A functioning, motivated team, is a healthy asset to any business but especially a start-up. In new businesses, it is essential that the ground rules are thought through to ensure your team quickly learns to operate smoothly and efficiently. Building a new team is an exciting challenge, but it can be intimidating, as a team consists of people. People with their own ideas, agenda’s and personalities and blending them all is a bit like a jigsaw with constantly changing pieces. It is not enough to put a team together for the short term; it has to be able to evolve, to keep pace with the business. It must be sustainable; one product does not a company make. It must be adaptable; changing markets and consumer requirements demand this. A team also should be able to grow and separate without losing integrity and continuity. These are all achievable expectations, as we can see from some successful start-up companies. Check out the new high-tech company F-Wheel for a resourceful, functioning team. They brought different specialists together and created a new mode of green travel, the iCarbot that has taken the market by storm, and they are continuing to grow and expand.
Many models and principles can be applied to create your team depending on what area they are working within, yet most have a common core that will produce a proactive, successful and productive team. Teams are made, it’s not about throwing a group of people together and hoping it works. If, as a new business owner or developer you want to make a sustainable impression on the global market your team has to be an ‘A’ team. ‘B’ teams just won’t make it.
Know Your Goals in Creating an ‘A’ Team
A business team is brought together for a purpose: to create a new product, to develop an idea for a product, to make, promote, market and sell the product. For all teams, the goals or mission of what they are trying to achieve should be clear. Defining goals and objectives is an ongoing process, so keep them flexible and concise.
A team charter can be a useful tool in helping focus on what is important. This does not have to be set in stone but can be modified and developed down the line, share with the team members as this is useful when the focus is lost or straying. Consider as a start outlining: –
- What the central goal of the team is
- The outcomes for the team activities
- How can it be measured?
Recruiting for the ‘A’ Team:
Identify the skills required for the team; without the correct mesh of technical or know how skills any project is doomed from the start. Look for people who will bring the right credentials, and the right commitment and motivation. Finding the right people from the beginning saves a lot of problems down the line. The business world is not static, with socioeconomic changes, and technical advancements occurring all the time. A team must be able to think, and function outside of the box sometimes, to actually throw out the rules, to respond to changes. To be dynamic the ‘A’ Team needs:
- Drive and motivation; essential components for a successful team.

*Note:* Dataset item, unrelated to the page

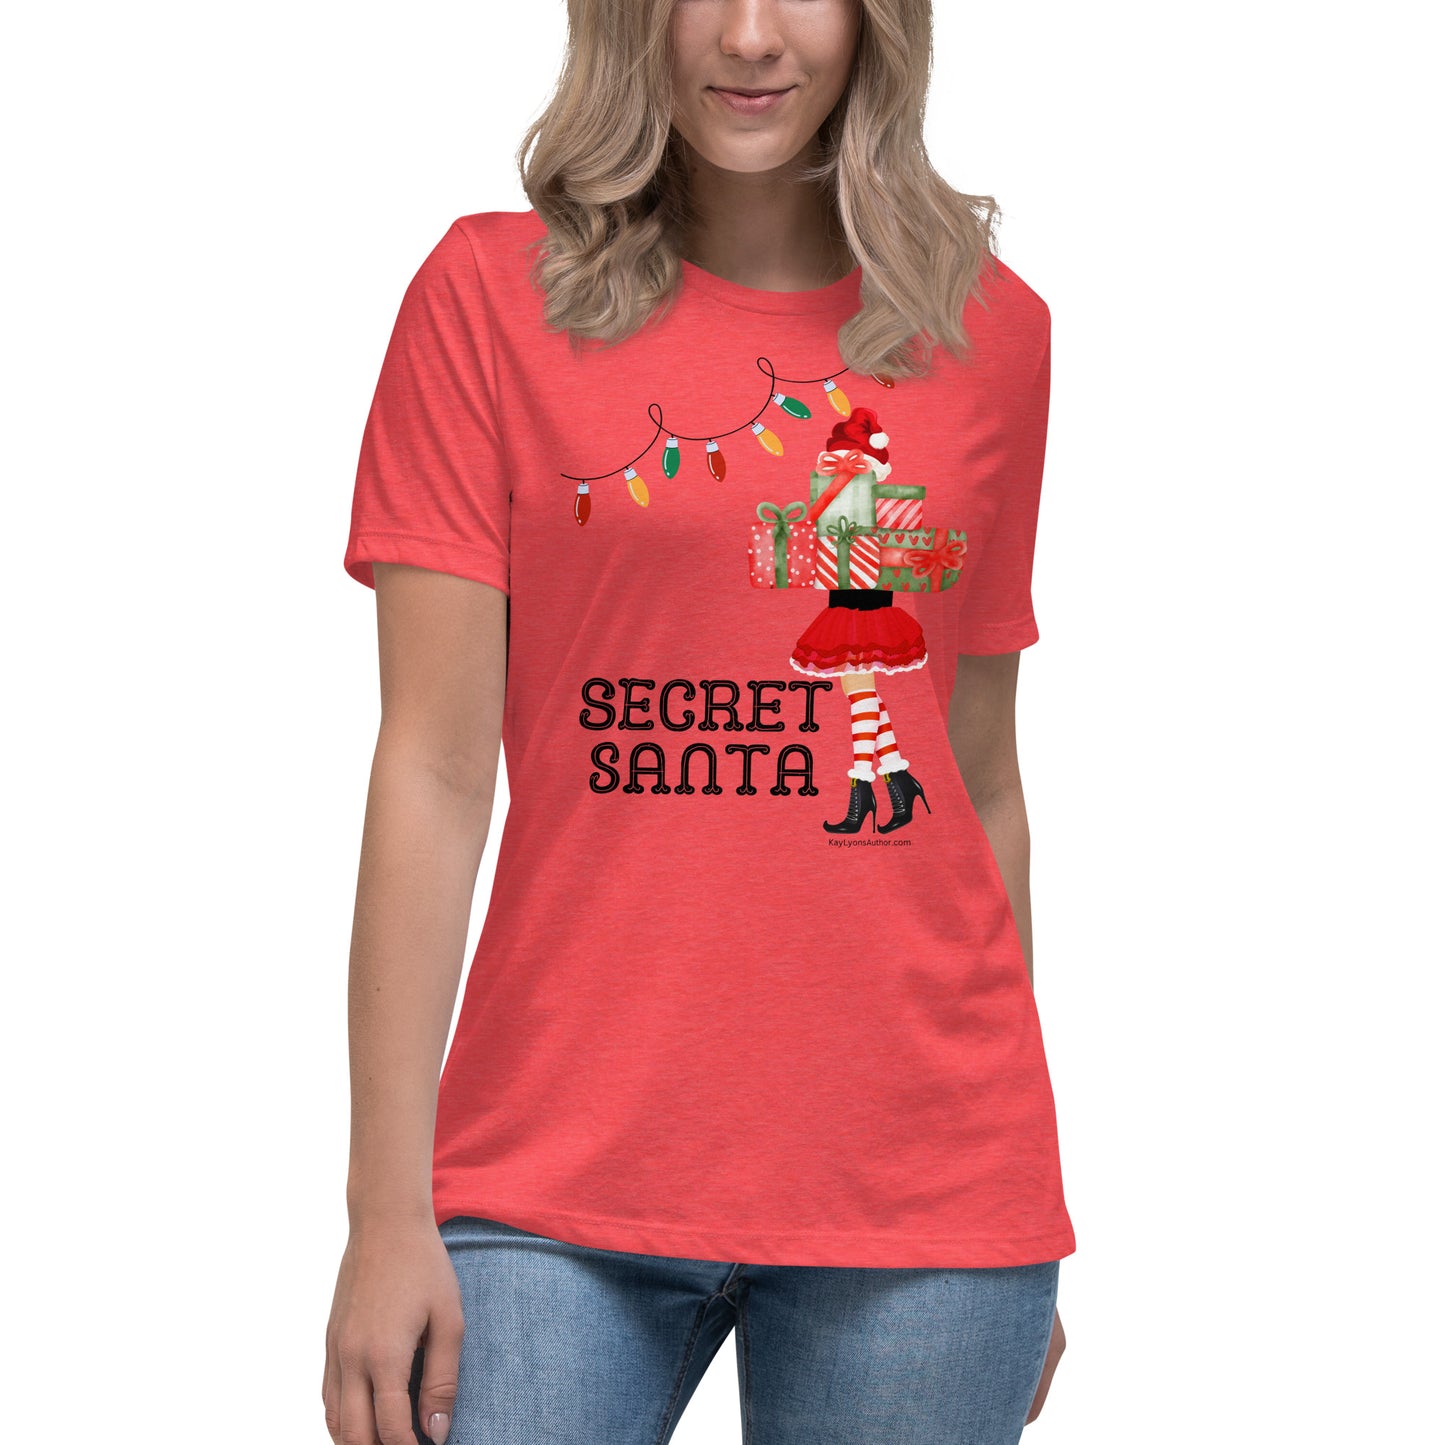 Women's Relaxed T-Shirt-FEATURING SECRET SANTA FROM THE SECRET SANTA SERIES

- Adaptability and willingness to learn; crucial in today’s rapidly changing business environments. ‘Hire innovators not plodders’ is the successful creed of Mike Jennings – founder of Recruitment.com.
- Look for combinations that will meld together; that is experienced members blending with innovators and free spirits, that will keep a team strong in the face of any upcoming challenges.
- A salary is expected but incentives tend to encourage motivation, rewards for jobs well done are psychological triggers, that bring positive outcomes for the team members and the company.
Sustainability of A Team
Teams, however, well they fit together do experience conflict. In an ideal world, every member of a team would understand and accept their roles. They would show respect to each other and of course not disagree on anything. Unfortunately, most of us live in a real world where expectations are not always met. No matter how much effort is put into recruitment, natural evolution brings conflict. The skill is in managing the conflict, so the team does not disintegrate, but grows and learns from any situation that arises. Management Strategies to facilitate a better understanding of the mechanics of team functioning are important, not just in managing conflict but in promoting growth for better functioning and productivity. Nurture the people, and they will respond positively, and this will reflect in your business growth A sustainable team needs to: –
- Foster respect for each member’s skills, encourage people to listen to each other while stopping whinging and moaning.
- Encourage active discussion to promote creativity, being clear that constructive criticism, not negative comments are the only accepted form of disagreement.
- Use constructive problem-solving approach to any situation where conflict might arise.
- Look to maximize the strengths of the members.
- To maintain long-term energy and interest vary work assignments
A high functioning team will maintain productivity, set standards for future team endeavours and of course improve creativity and productivity. A business that is looking for global growth has to know its team is robust, reliable, adaptable and there for the long haul. Put effort into organizing and supporting your team to create a model for your business that sees all aspects of it going forward and continuing to grow.